» WHAT THE TASK ASKS:
In the data below, begin at the line with "13 Youtubers One" and stop after the line with "A large marketing"; output those lines exactly and no pictures.

BEGIN EXERCISE DATA

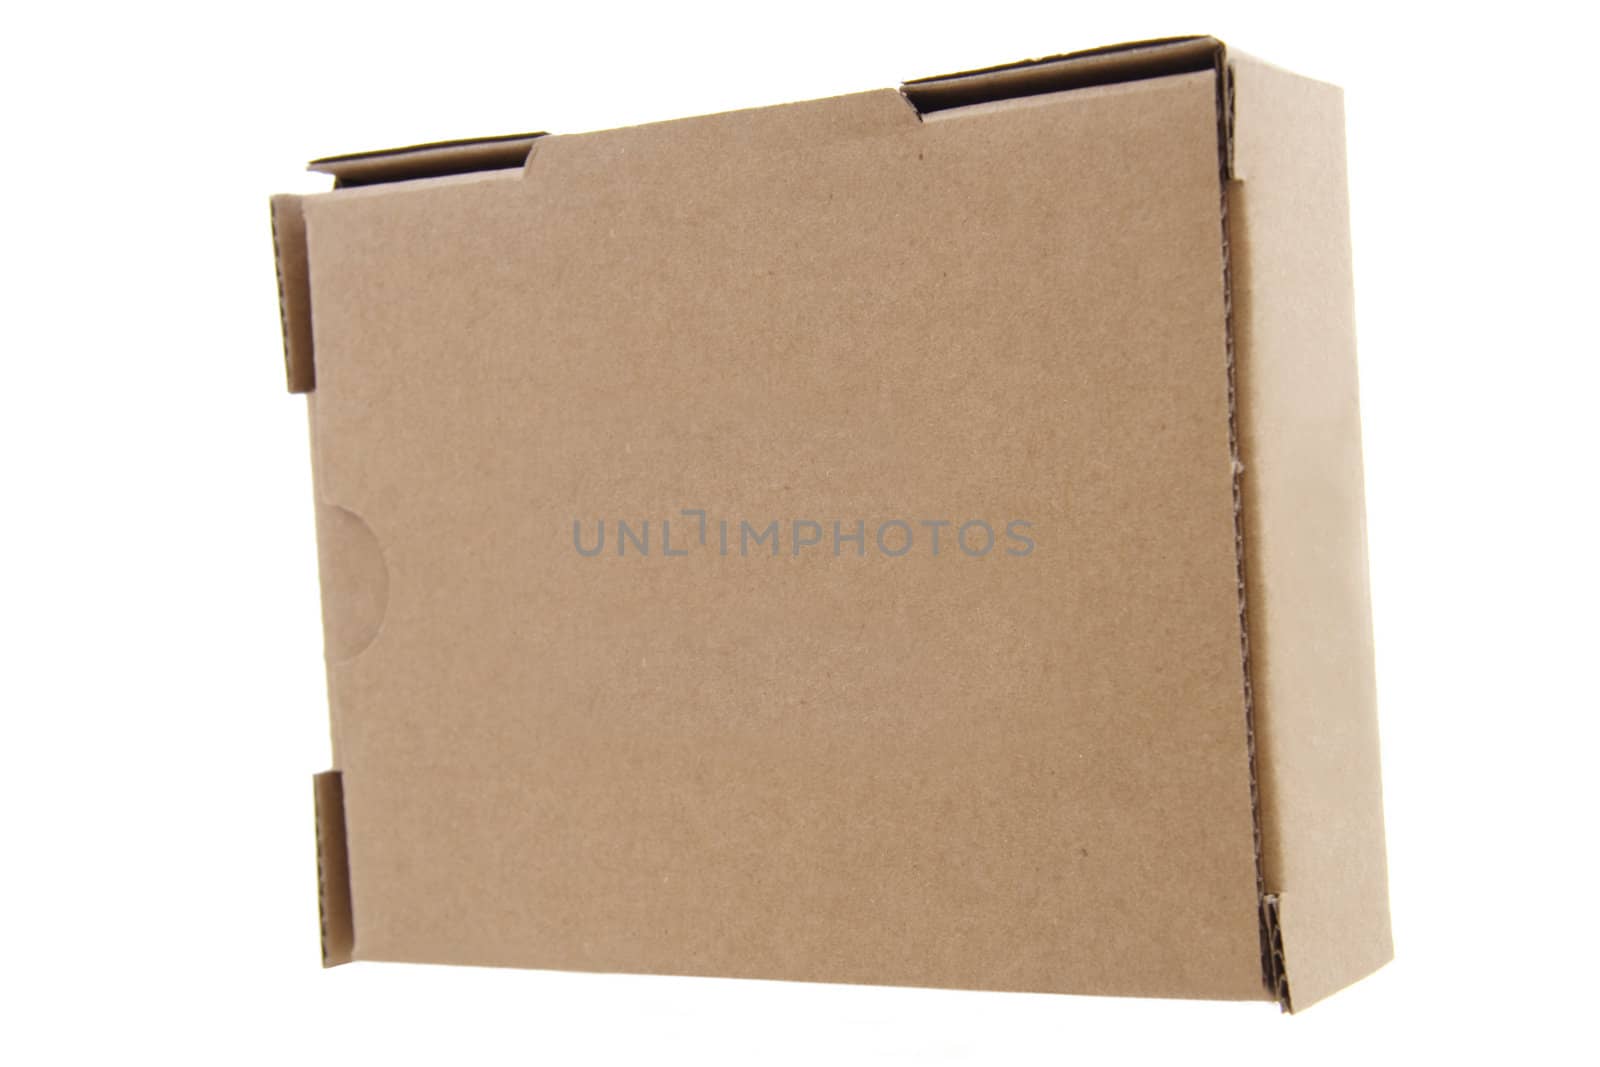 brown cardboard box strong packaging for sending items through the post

END EXERCISE DATA
BEGIN EXERCISE DATA

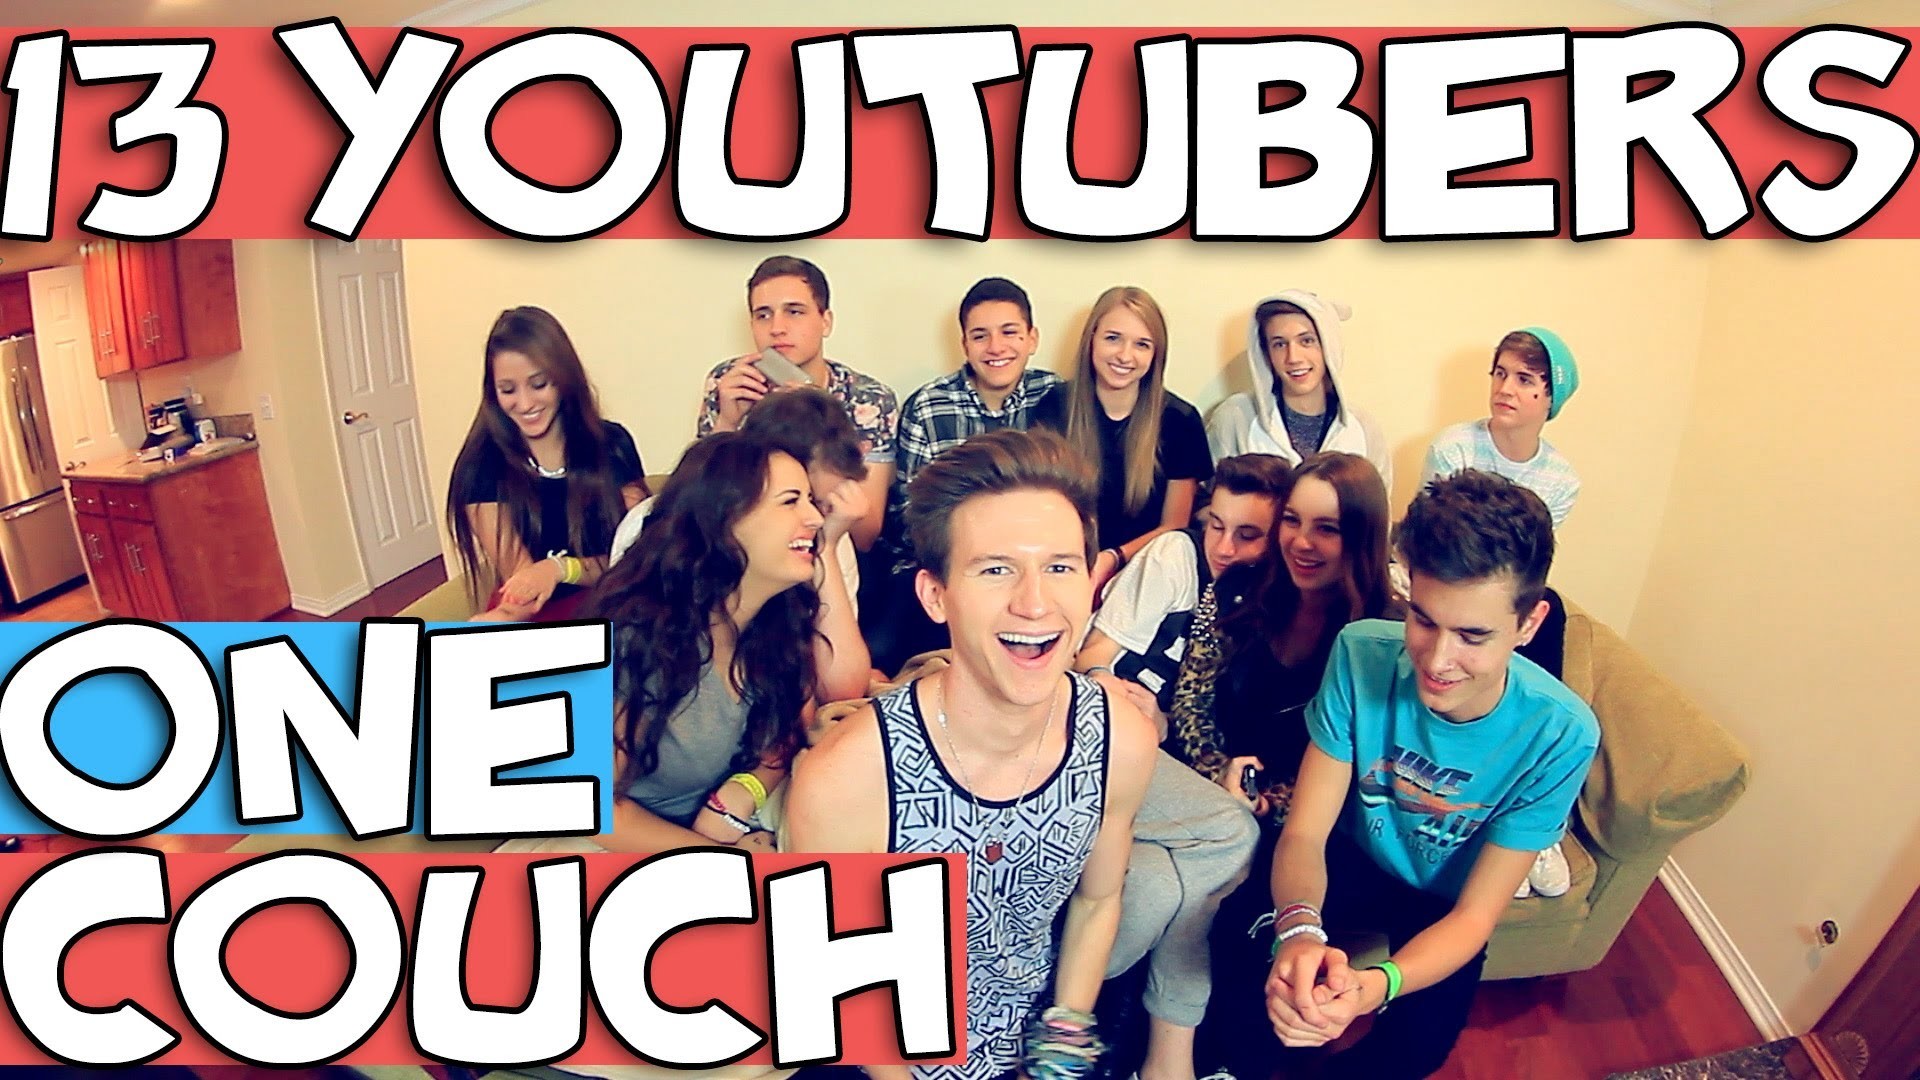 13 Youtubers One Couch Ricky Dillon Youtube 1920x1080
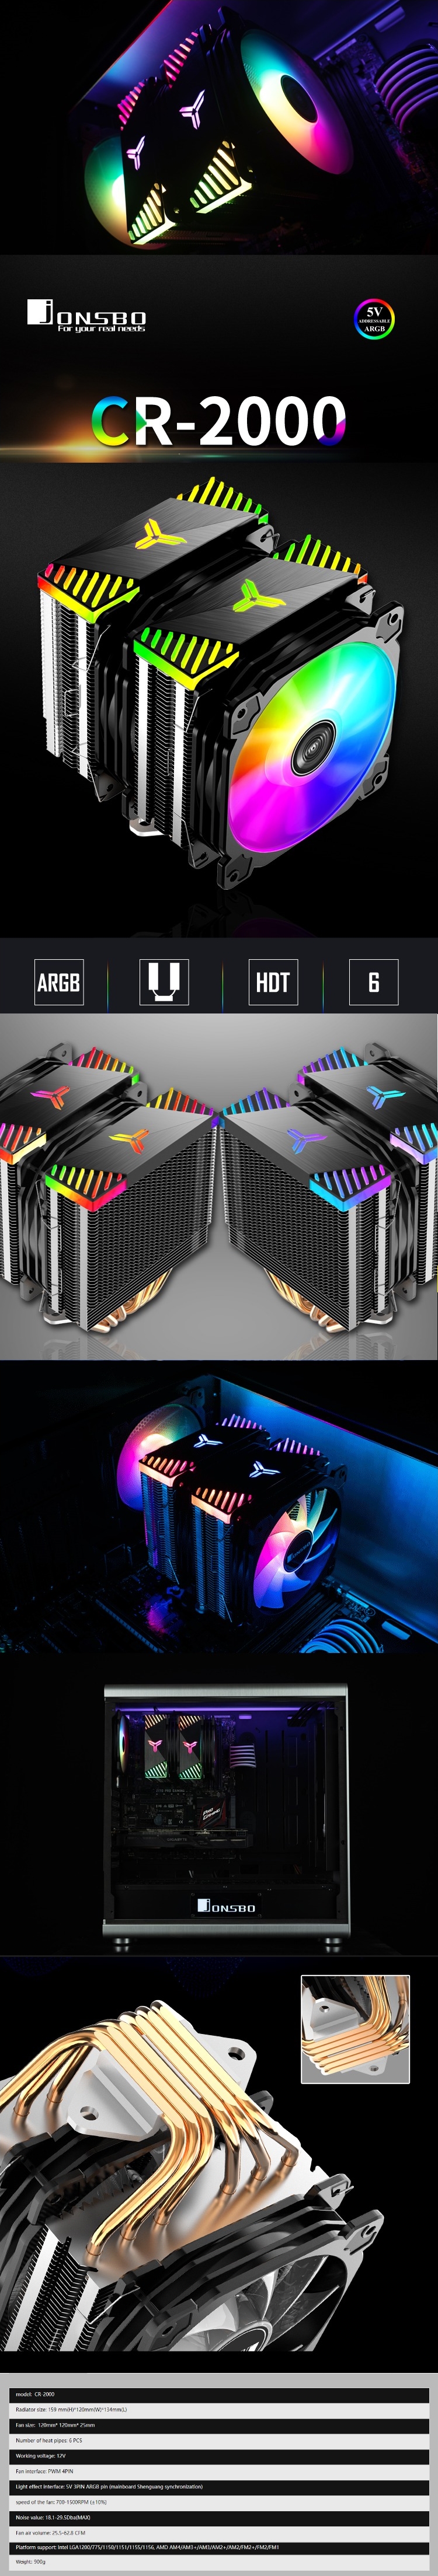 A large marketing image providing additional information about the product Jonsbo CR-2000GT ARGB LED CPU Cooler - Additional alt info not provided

END EXERCISE DATA

» EXERCISE OUTPUT:
 13 Youtubers One Couch Ricky Dillon Youtube 1920x1080
 A large marketing image providing additional information about the product Jonsbo CR-2000GT ARGB LED CPU Cooler - Additional alt info not provided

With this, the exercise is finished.